Kortha had made his name spell magic once again.

Guantra was a beaten man. As he stepped into the glassite tower, his cheeks were sunken, his eyes hollow above blackish rings. He stumbled over the threshold, and kept licking his lips helplessly. When Ilse saw his eyes, she knew suddenly what an enemy Kortha was. From the eyes of Guantra came the look that a slave might cast to an adored idol that came to life, and thundered curses on him. Guantra looked at Kortha as though he expected fire to shoot from his mouth and devour him.

Kortha grinned, "I told you you would never beat me, Guantra. Are we friends again?"

"Friends?" screamed the Premier, a white froth at the corners of his thin mouth. "You and I were never friends. We were always enemies. We were destined by fate to fight. And you—by some unknown magic you always win. You turn defeat to overwhelming victory. Always. It isn't fair to other men. Are you Zut himself? But now—now that you have won—taste what it feels like to—lose!"

From the depths of his despair, Guantra acted. His hand went to his tunic, lifted out with a heatgun in it.

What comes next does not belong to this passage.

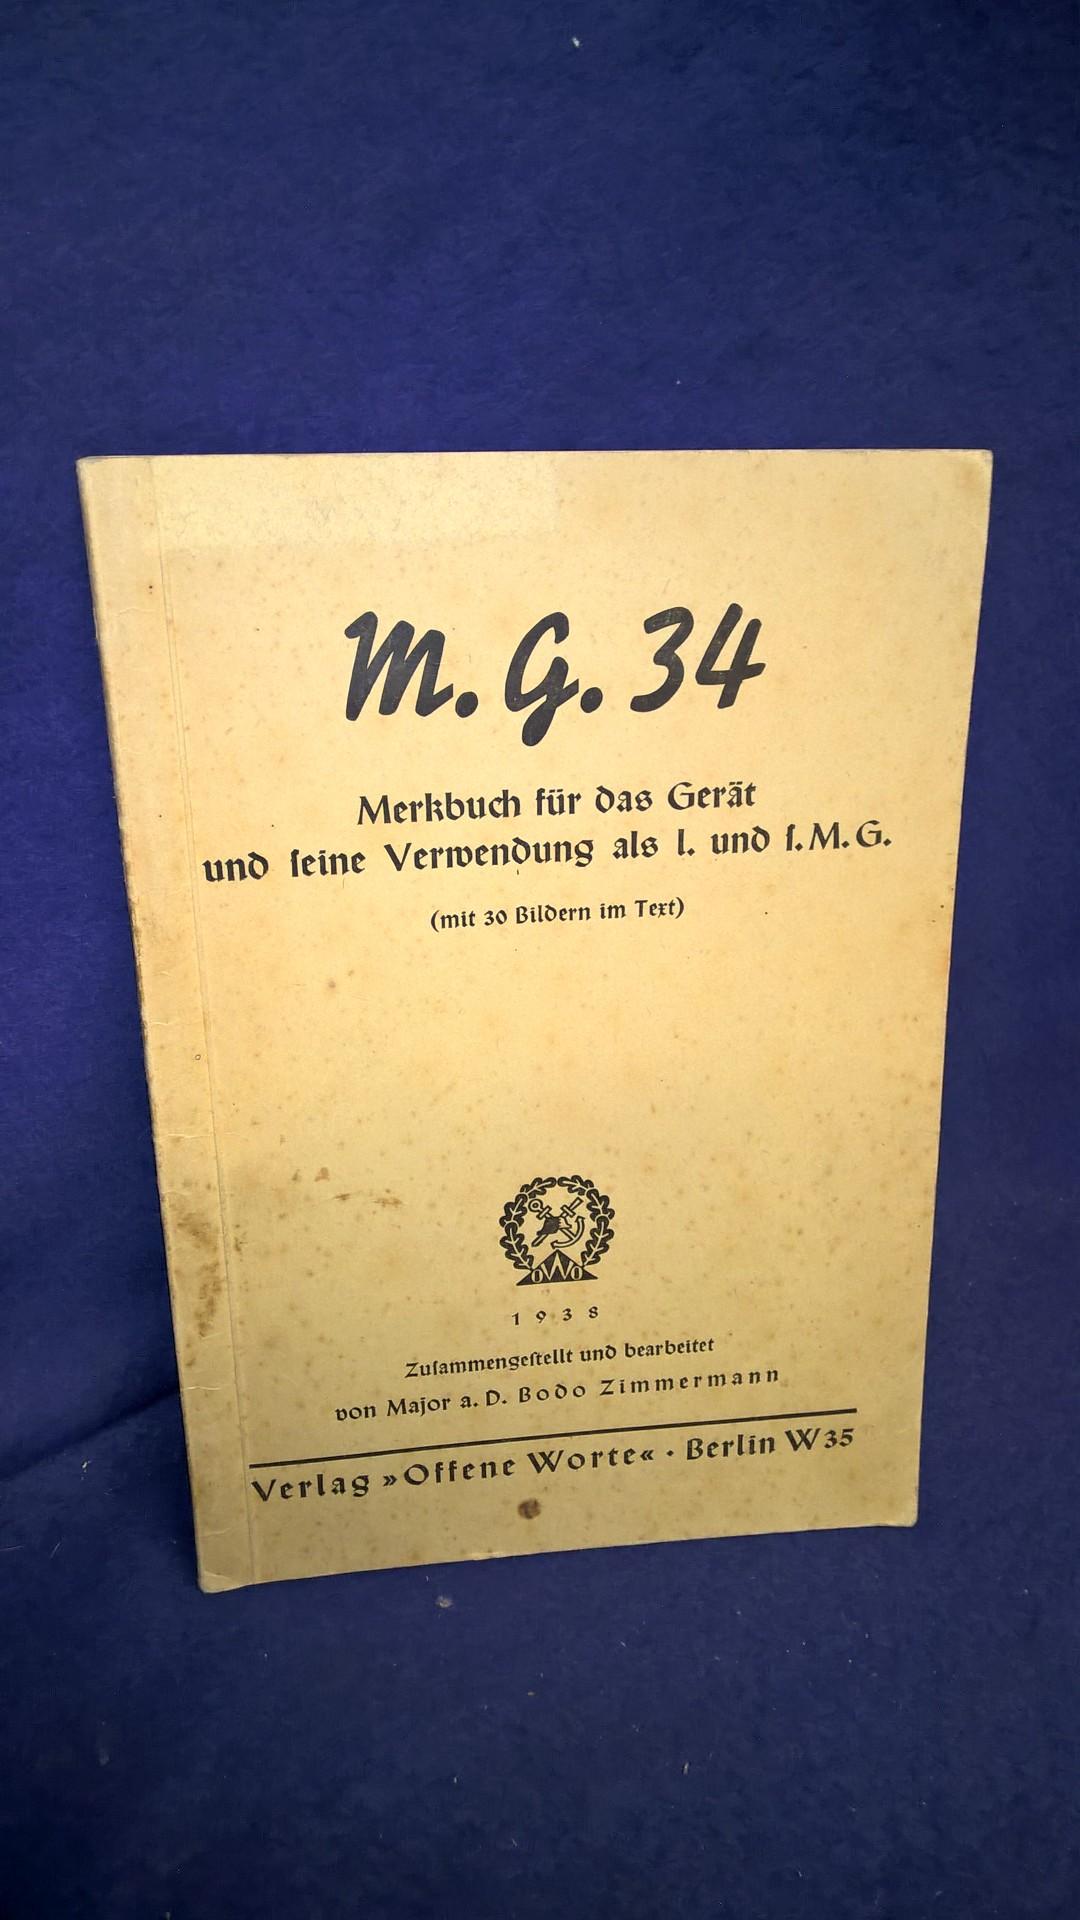 M.G.34. Merkbuch für das Gerät und seine Verwendung als l. und s.M.G. Seltenes Orginal!

His officers cried out at his treachery.

Kortha came in low, ducking under the sizzling blast that burnt black splotches on the white fur of his jacket. His left fist arced up, sending the heatgun from the numbed hand of the Premier. His right hand came across in a blur of motion: struck like a piston against Guantra's jaw. His fist whipped the man's head up and back, making the hair fly like seafoam striking a rock.

The crack of the neck breaking under the titanic power of the blow was etched against a frightened stillness.

Ilse and the officers stared at the crumpling form of the Premier whose knees sagged, lowering his body gently to the floor. His head hung at a sick angle from his limp neck.

Across the fallen body, Kortha looked at the white-faced officers. One of them extended his hands, palms down, saying, "Search us, Kortha. We came in peace."